Also, it seemed a better choice than Door No. 2, which was a one-year tour of a place called Vietnam.

And you know what? I graduated. I went on to graduate school. I got a job. That job became a career. And I even can still recall some of the stuff I was taught.

So, was it a good value? With the benefit of hindsight, I would say yes.

One of the things I do remember my professors saying, though, was that college was not a trade school. College, one said -- and this has stuck with me -- was usually your last chance to immerse yourself in learning, just for the sake of learning.

Parents paying through the nose for their kids’ college today probably don’t think that way. Students worried about their futures in the job market might not either. For them, Obama’s proposed ratings could be just the ticket: Choose this school; major in this major; get a good job; live happily ever after.

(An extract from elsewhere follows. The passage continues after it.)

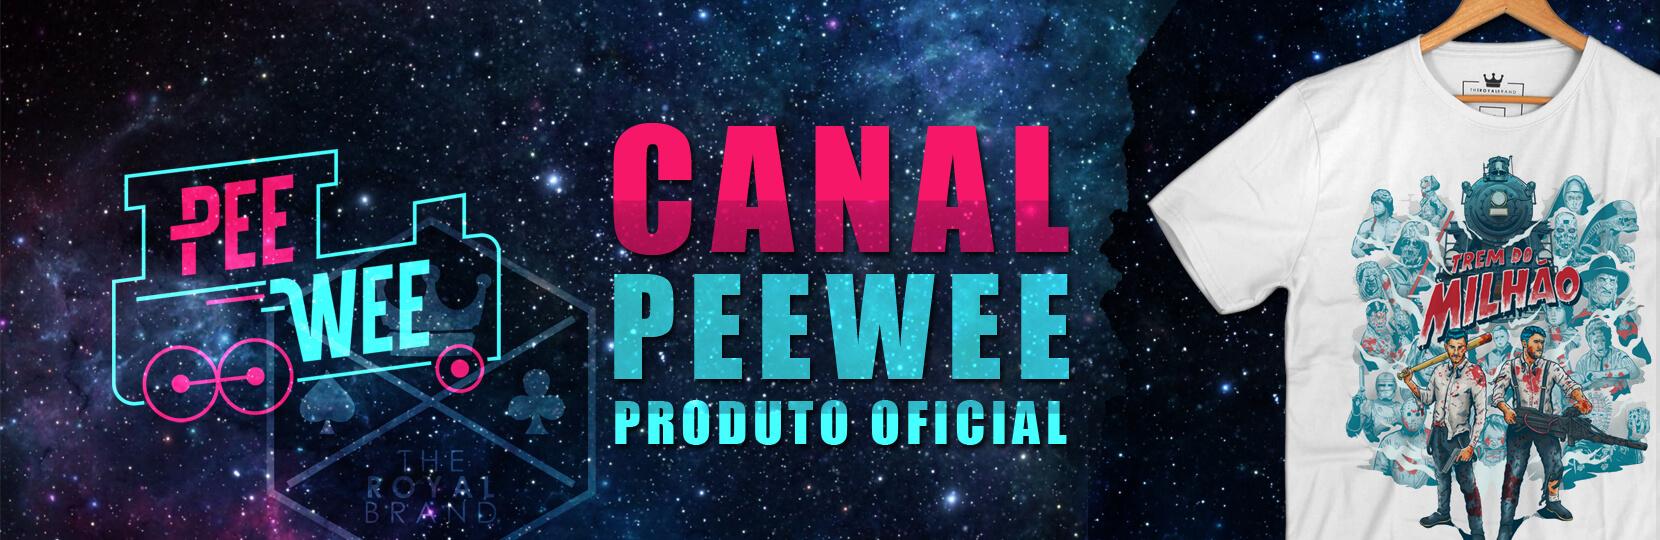 Canal PeeWee
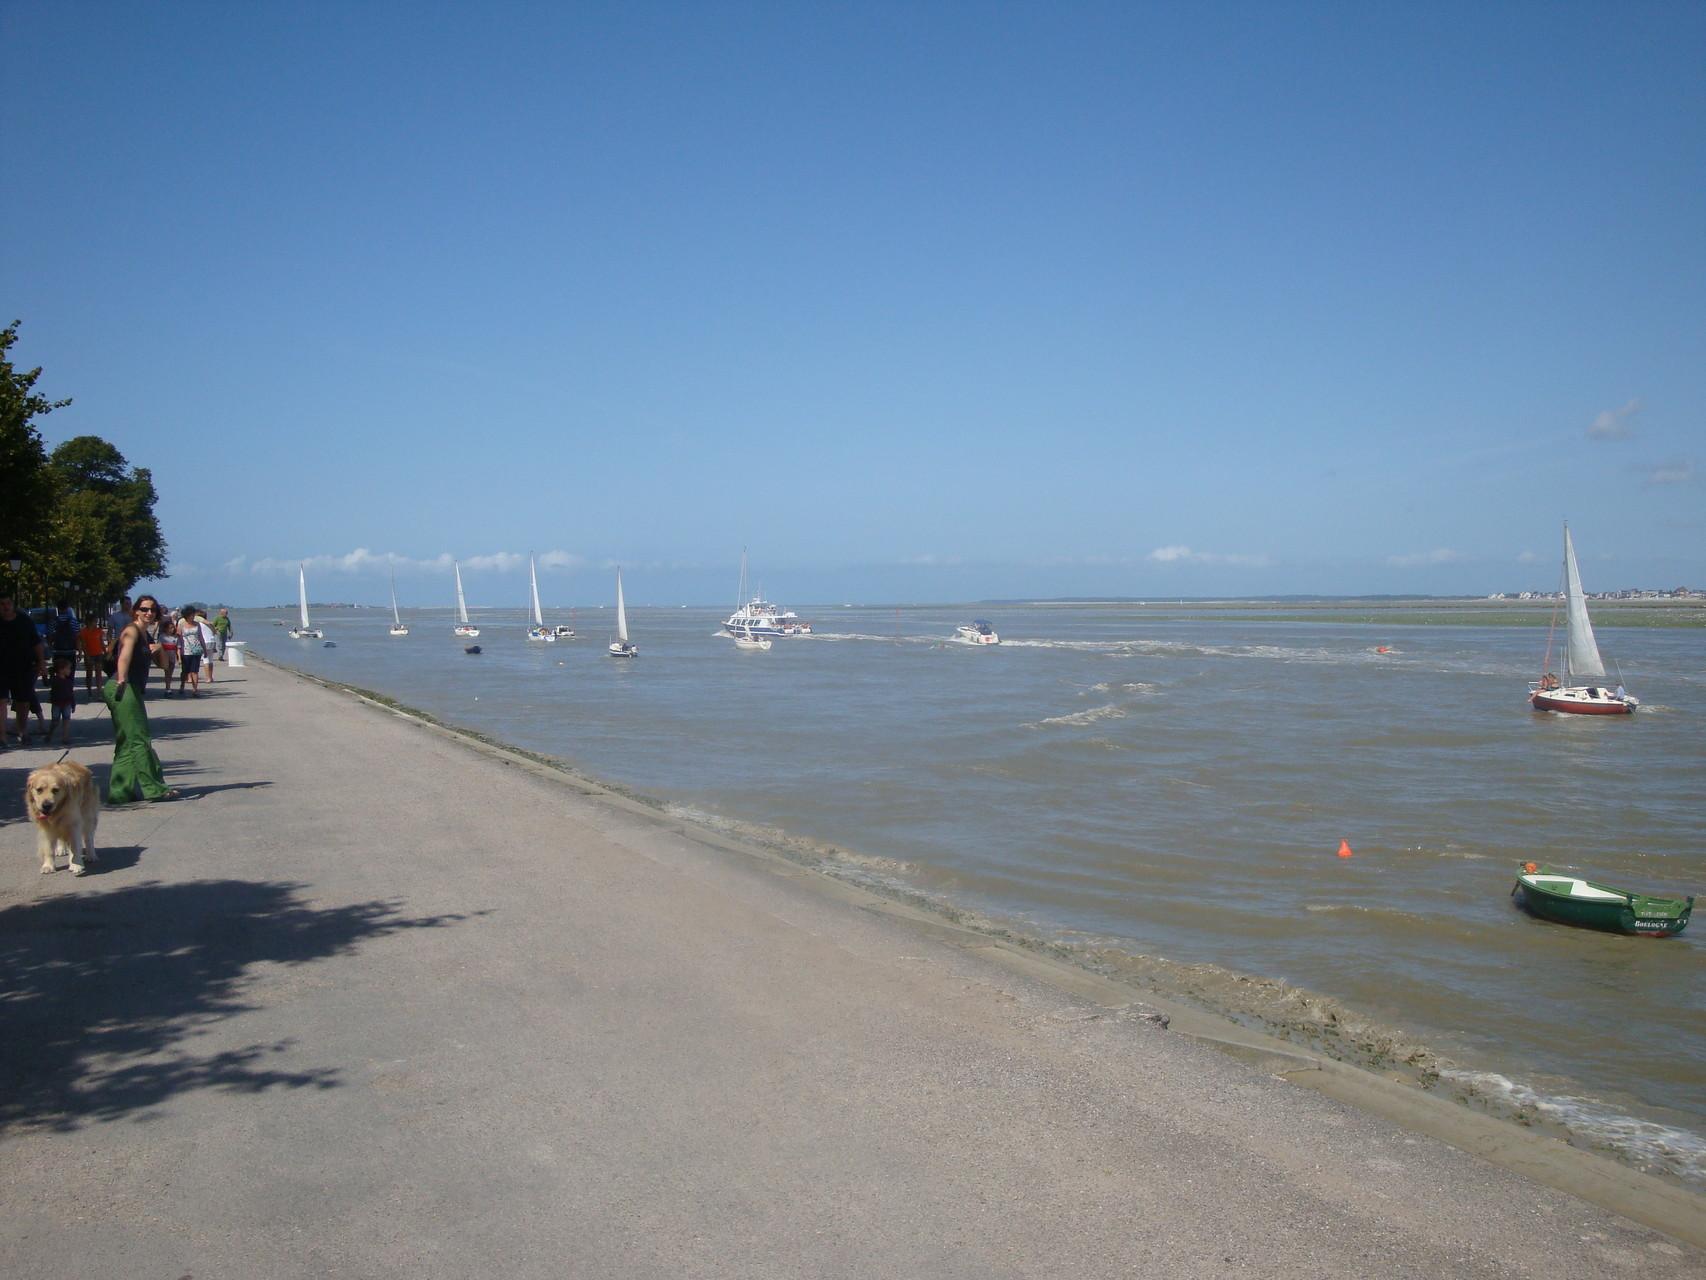 Sortie de voiliers - Baie de Somme

But what the ratings will miss are the intangibles of the college experience. A college isn’t a new car. It’s life. It’s growing up. It’s falling down, making mistakes, learning from them, without mom or dad to help. It’s that one class, that one professor, that changes you forever, even though that class might be Great English Poets of the 18th Century.

So go ahead, Education Department, and rate the schools. It’s not a terrible idea.

But don’t be surprised, Mr. President, if your daughters prefer the Playboy ratings.

ALSO:

Advertisement

Area 51: The real cover-up

College: It’s not just ‘Made in the U.S.A.’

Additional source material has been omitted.